StringtoInteger(atoi)

问题描述

Implement atoi to convert a string to an integer.

Requirements for atoi:
The function first discards as many whitespace characters as necessary until the first non-whitespace character is found. Then,
starting from this character, takes an optional initial plus or minus sign followed by as many numerical digits as possible, and
interprets them as a numerical value.
The string can contain additional characters after those that form the integral number, which are ignored and have no effect on the
behavior of this function.

If the first sequence of non-whitespace characters in str is not a valid integral number, or if no such sequence exists because either
str is empty or it contains only whitespace characters, no conversion is performed.
If no valid conversion could be performed, a zero value is returned. If the correct value is out of the range of representable values,
INT_MAX (2147483647) or INT_MIN (-2147483648) is returned.

实例

• Example 1:

Input: "42"

Output: 42

• Example 2:

Input: " -42"

Output: -42

Explanation: The first non-whitespace character is '-', which is the minus sign.

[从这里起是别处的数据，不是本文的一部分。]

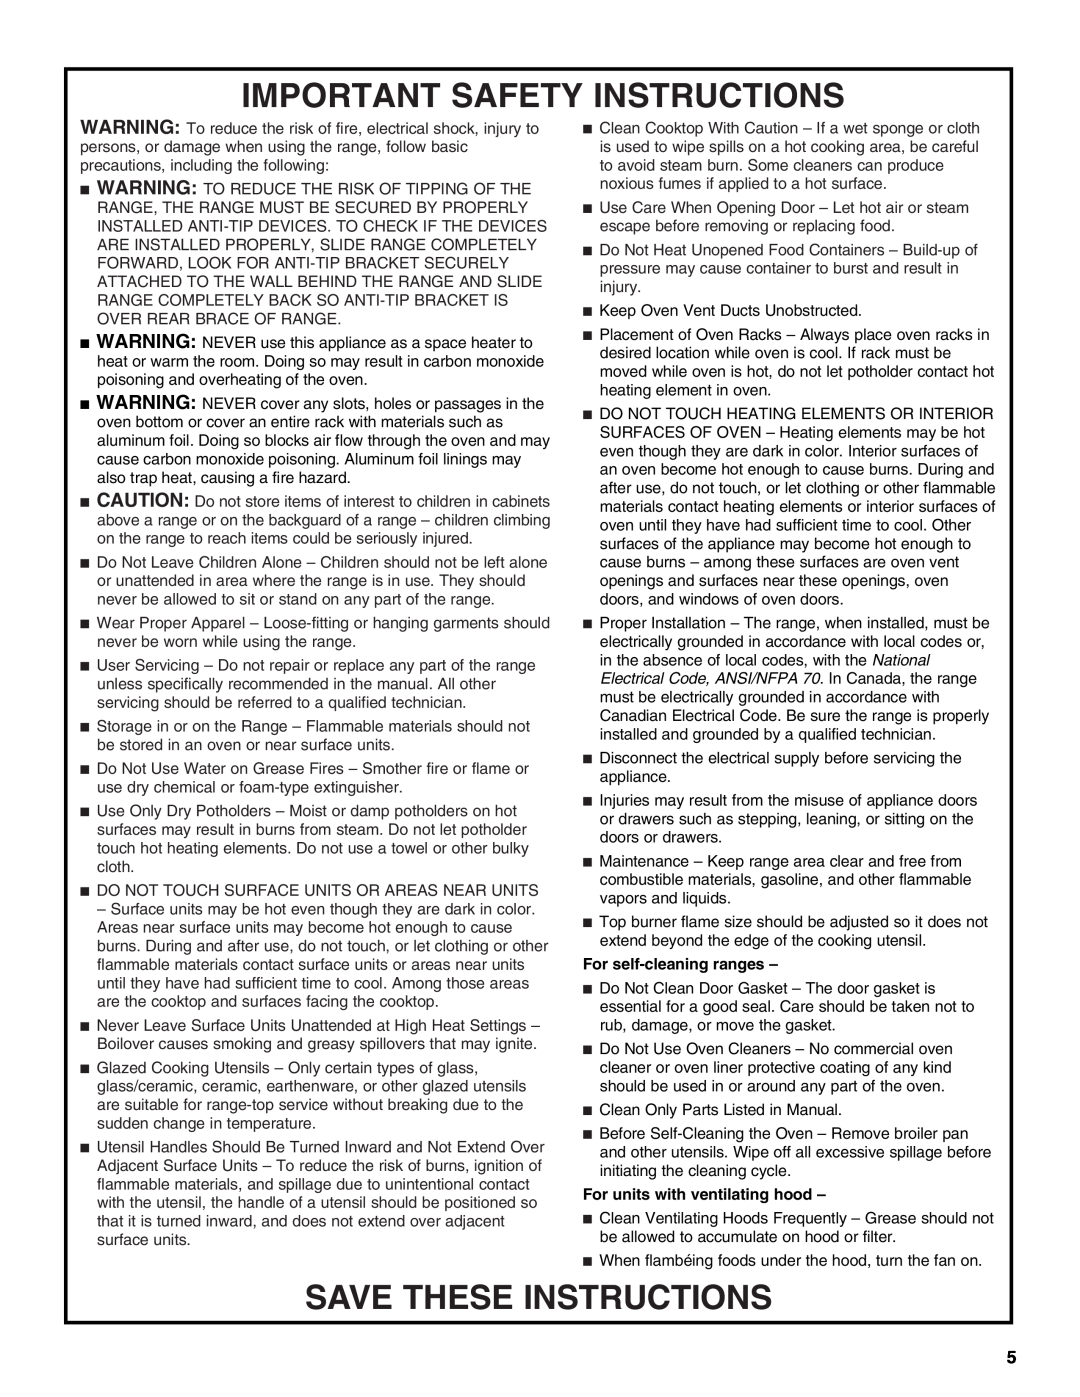 KitchenAid KDRP407 KDRP462 manual Important Safety Instructions, Save These Instructions, For self-cleaning ranges

Then take as many numerical digits as possible, which gets 42.

• Example 3:

Input: "4193 with words"

Output: 4193

Explanation: Conversion stops at digit '3' as the next character is not a numerical digit.

• Example 4:

Input: "words and 987"

Output: 0

Explanation: The first non-whitespace character is 'w', which is not a numerical

digit or a +/- sign. Therefore no valid conversion could be performed.

• Example 5:

Input: "-91283472332"

Output: -2147483648

Explanation: The number "-91283472332" is out of the range of a 32-bit signed integer.
Thefore INT_MIN (−231) is returned.

实现代码

  public class Solution {
        public int myAtoi(String str) {
            if (str == null || str.length() == 0)
                return 0;//
            str = str.trim();
            char firstChar = str.charAt(0);
            int sign = 1, start = 0, len = str.length();
            long sum = 0;
            if (firstChar == '+') {
                sign = 1;
                start++;
            }
            else if (firstChar == '-') {
                sign = -1;
                start++;
            }
            for (int i = start; i < len; i++) {
                if (!Character.isDigit(str.charAt(i)))
                    return (int)sum * sign;
                sum = sum * 10 + str.charAt(i) - '0';
                if (sign == 1 && sum > Integer.MAX_VALUE)
                    return Integer.MAX_VALUE;
                if (sign == -1 && (-1) * sum < Integer.MIN_VALUE)
                    return Integer.MIN_VALUE;
            }
            return (int)sum * sign;
        }
    }